Lucky you! I always look for LYS before I travel. It's a nice souvenir to bring back yarn from somewhere I've travelled.
I've brought back yarn from Halifax twice, Austin TX, Braedenton FLA, St Petersburg FLA, Rockland ME, Bath ME, Center Harbor NH, Essex and Burlington VT...
Check Ravelry under yarn. There is a section planning a road trip. It's very helpful!
Enjoy your trip!


----------



## Hilary Mercer (Feb 24, 2015)

I was in Helsinki late 2017 and came across the most wonderful craft shop catering for every imaginable craft, not sure of the name but it was in the city centre. Can't quite remember if knitting yarn was sold but can't imagine it wasn't.
Happy memories of Helsinki, my husband and I were hopelessly lost with the departure time of our cruise ship fast approaching (the ship would have left without us), unable to find a taxi, a 'knight in shinning armour' suddenly appeared and drove us to the ship, arriving just in time. I know we were taking a risk but 'needs must'.
As I say, very happy memories, have a lovely time.


----------



## patocenizo (Jun 24, 2011)

I was there a couple of years ago and did not buy any yarn as it is too heavy and coarse for our weather here in Southern California. Hope you have better luck.

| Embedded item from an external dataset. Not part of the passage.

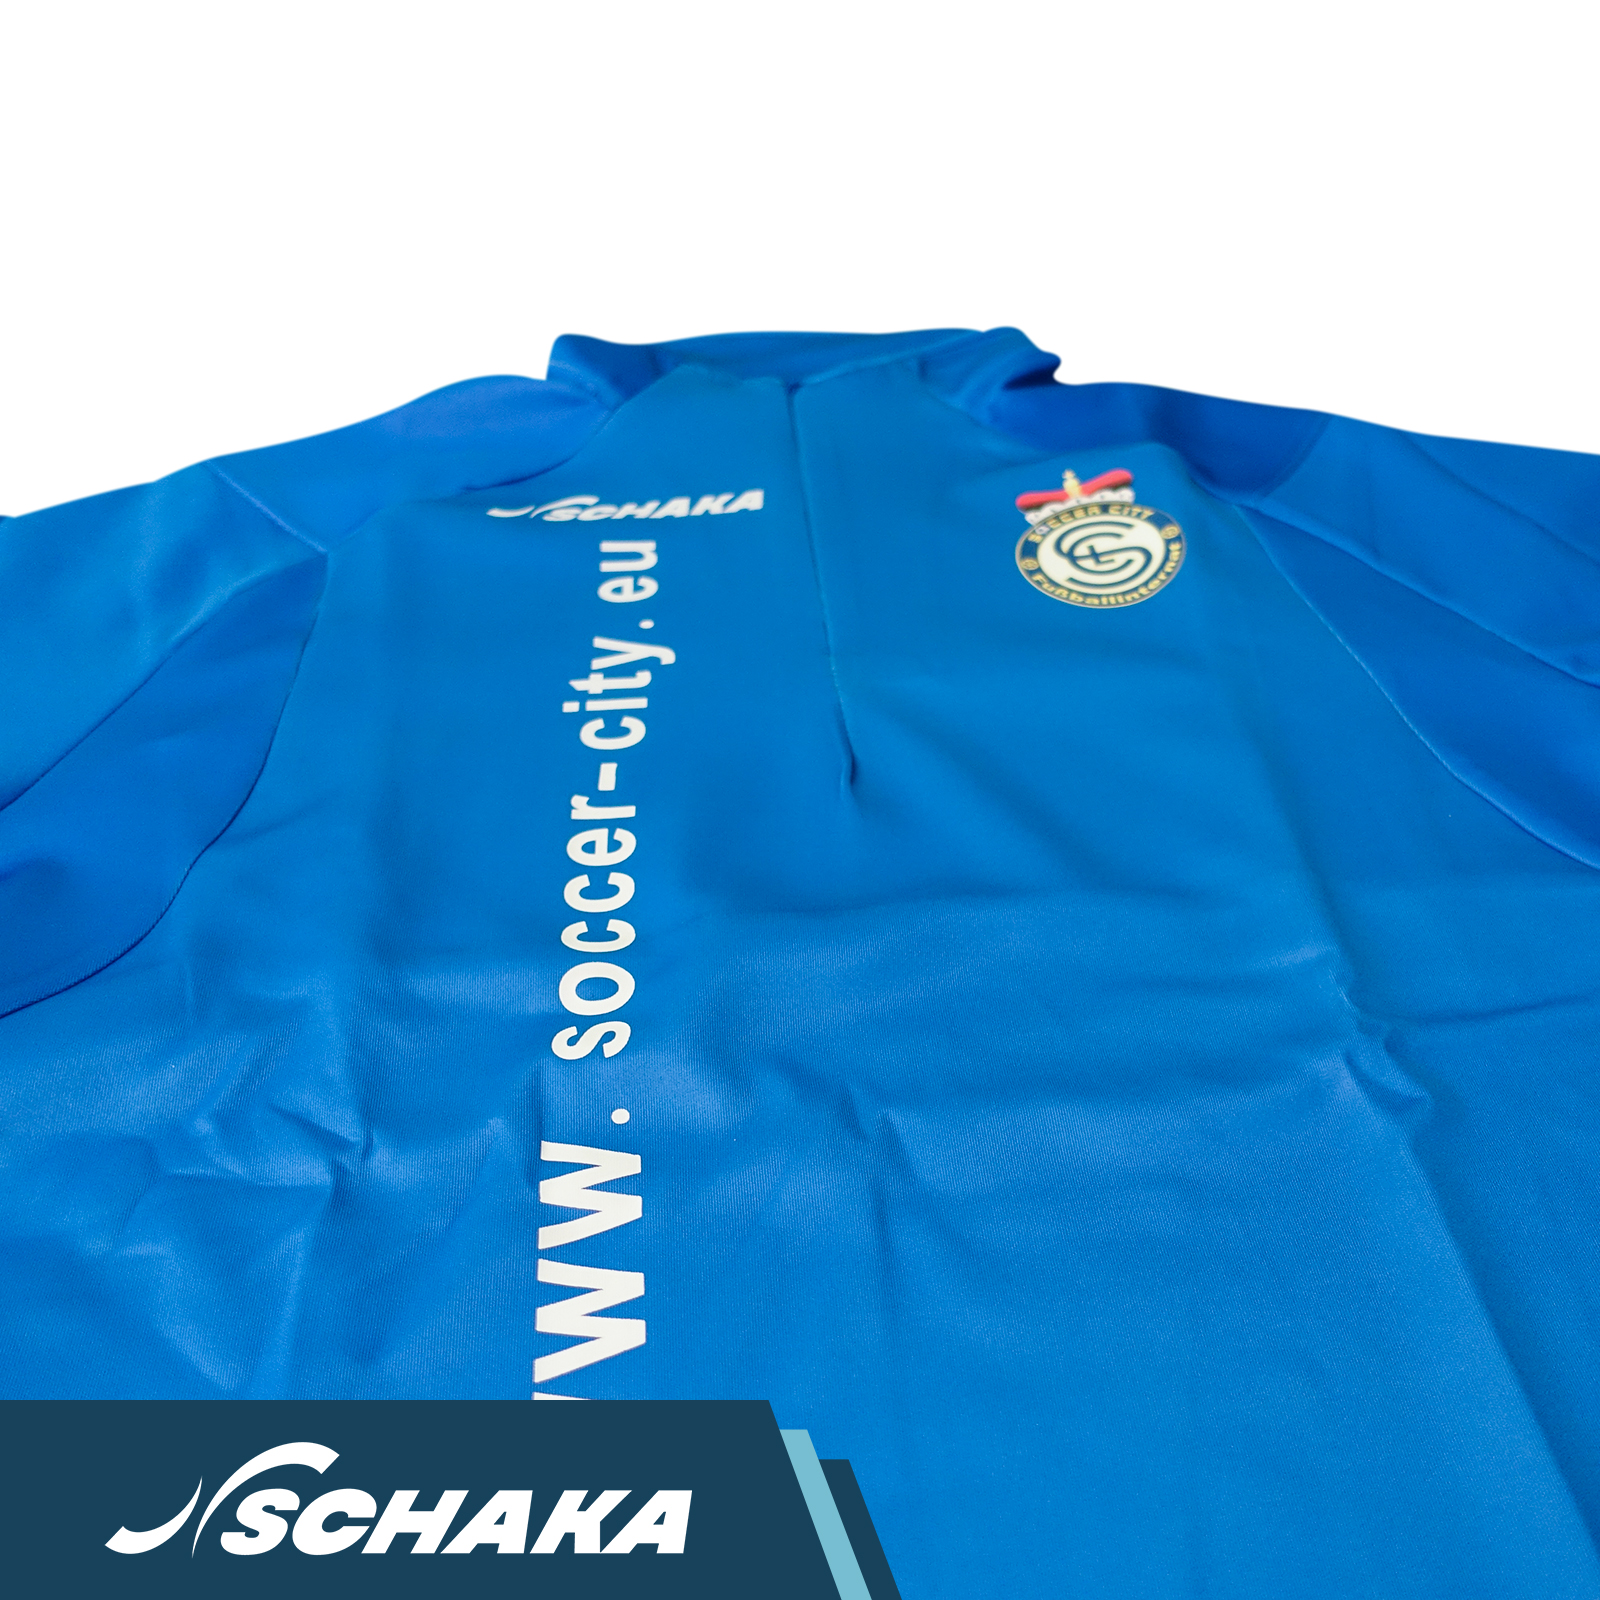 Schaka Zip Top MUA Soccer City Edition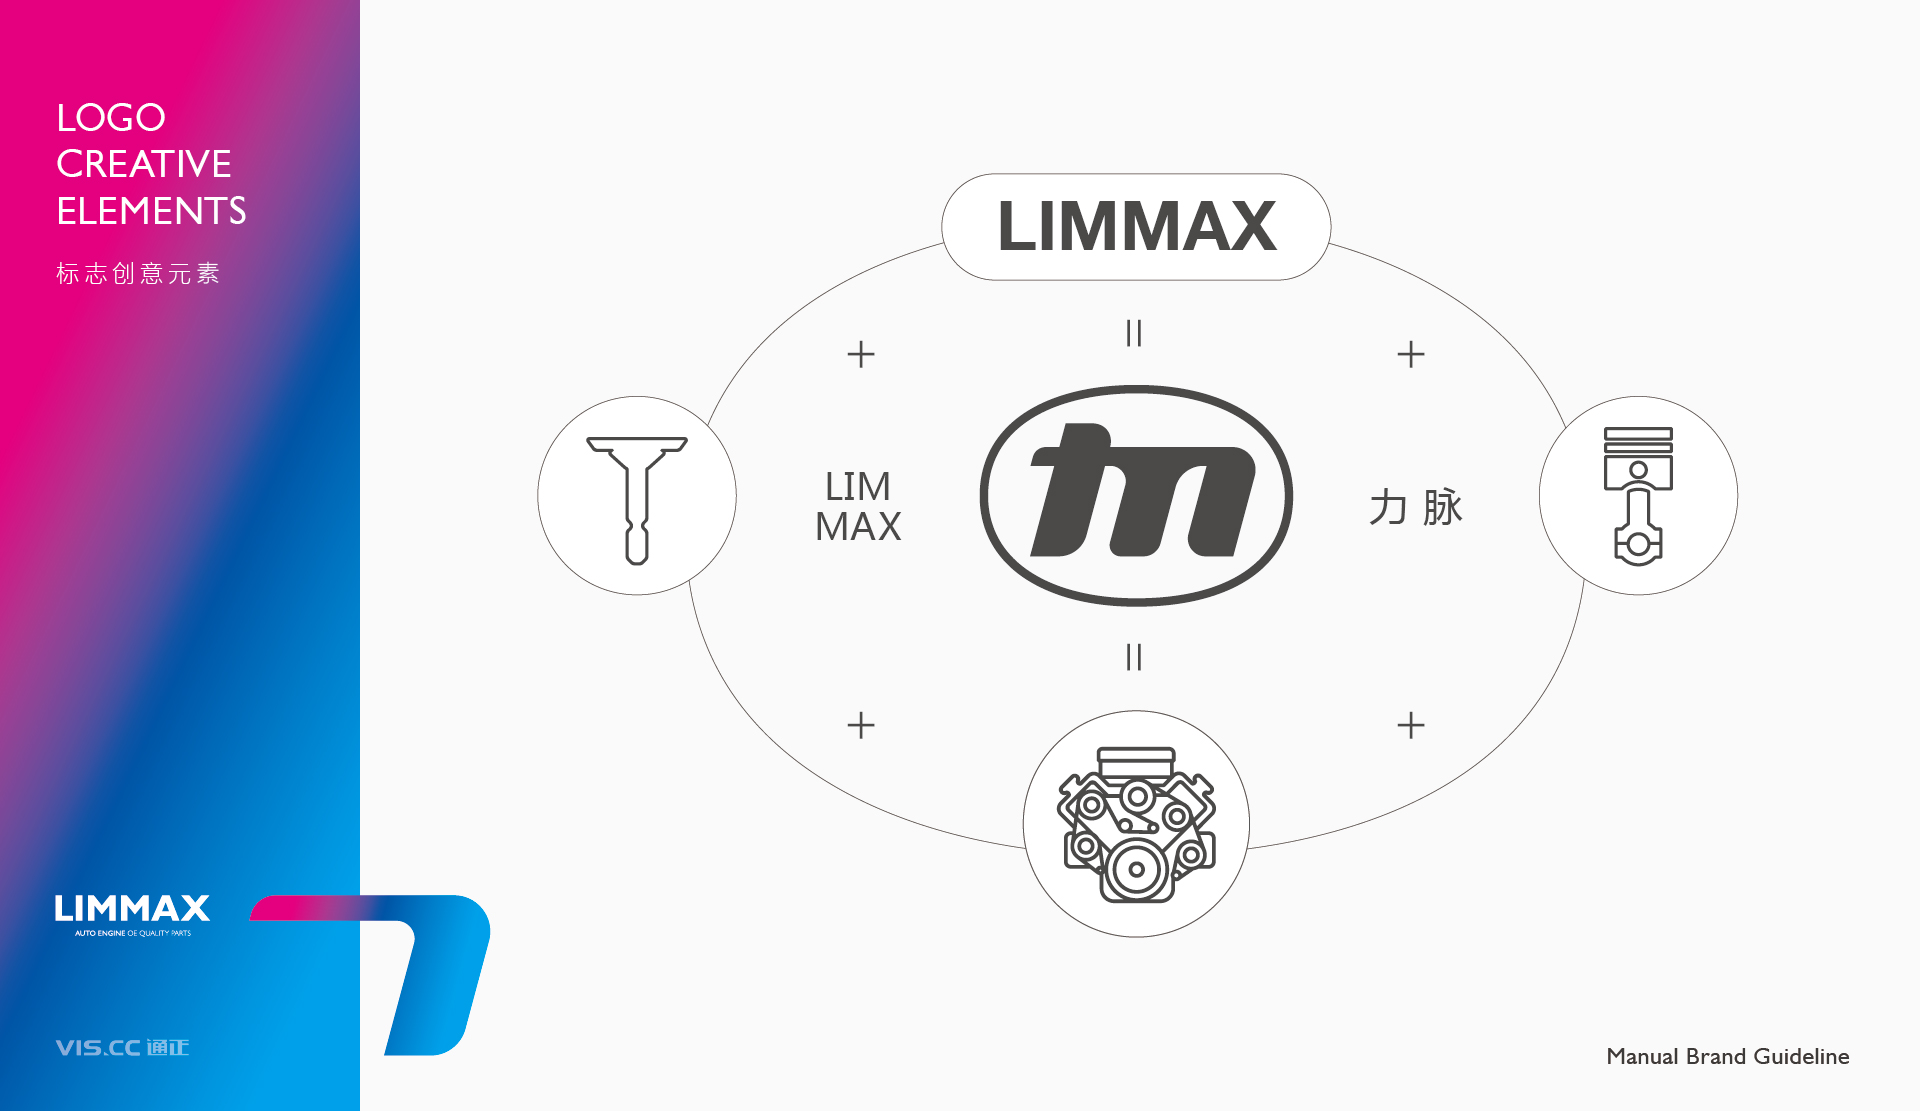 Limmax力脉汽配品牌LOGO_VI设计 20230902 通正设计提供-03

I did however buy some interesting buttons


----------



## Medieval Reenactor (Sep 3, 2013)

Interesting topic as I will be in Helsinki again in August. I did search online and there are several yarn shops in the city, though I got lost and didn't get to visit any when I was there in November. We'll have an extra 3 days in the city this year, so FULLY intend to track at least one down. 

One thing to remember - they may call all stringish stuff "wool" where Americans call in "yarn", so make sure you are not getting acrylic if it's the sheepy product you want.


----------



## rahi (Apr 2, 2015)

Medieval Reenactor said:


> Interesting topic as I will be in Helsinki again in August. I did search online and there are several yarn shops in the city, though I got lost and didn't get to visit any when I was there in November. We'll have an extra 3 days in the city this year, so FULLY intend to track at least one down.
> 
> One thing to remember - they may call all stringish stuff "wool" where Americans call in "yarn", so make sure you are not getting acrylic if it's the sheepy product you want.


Thanks for all the info .Have a good time in Helsinki.


----------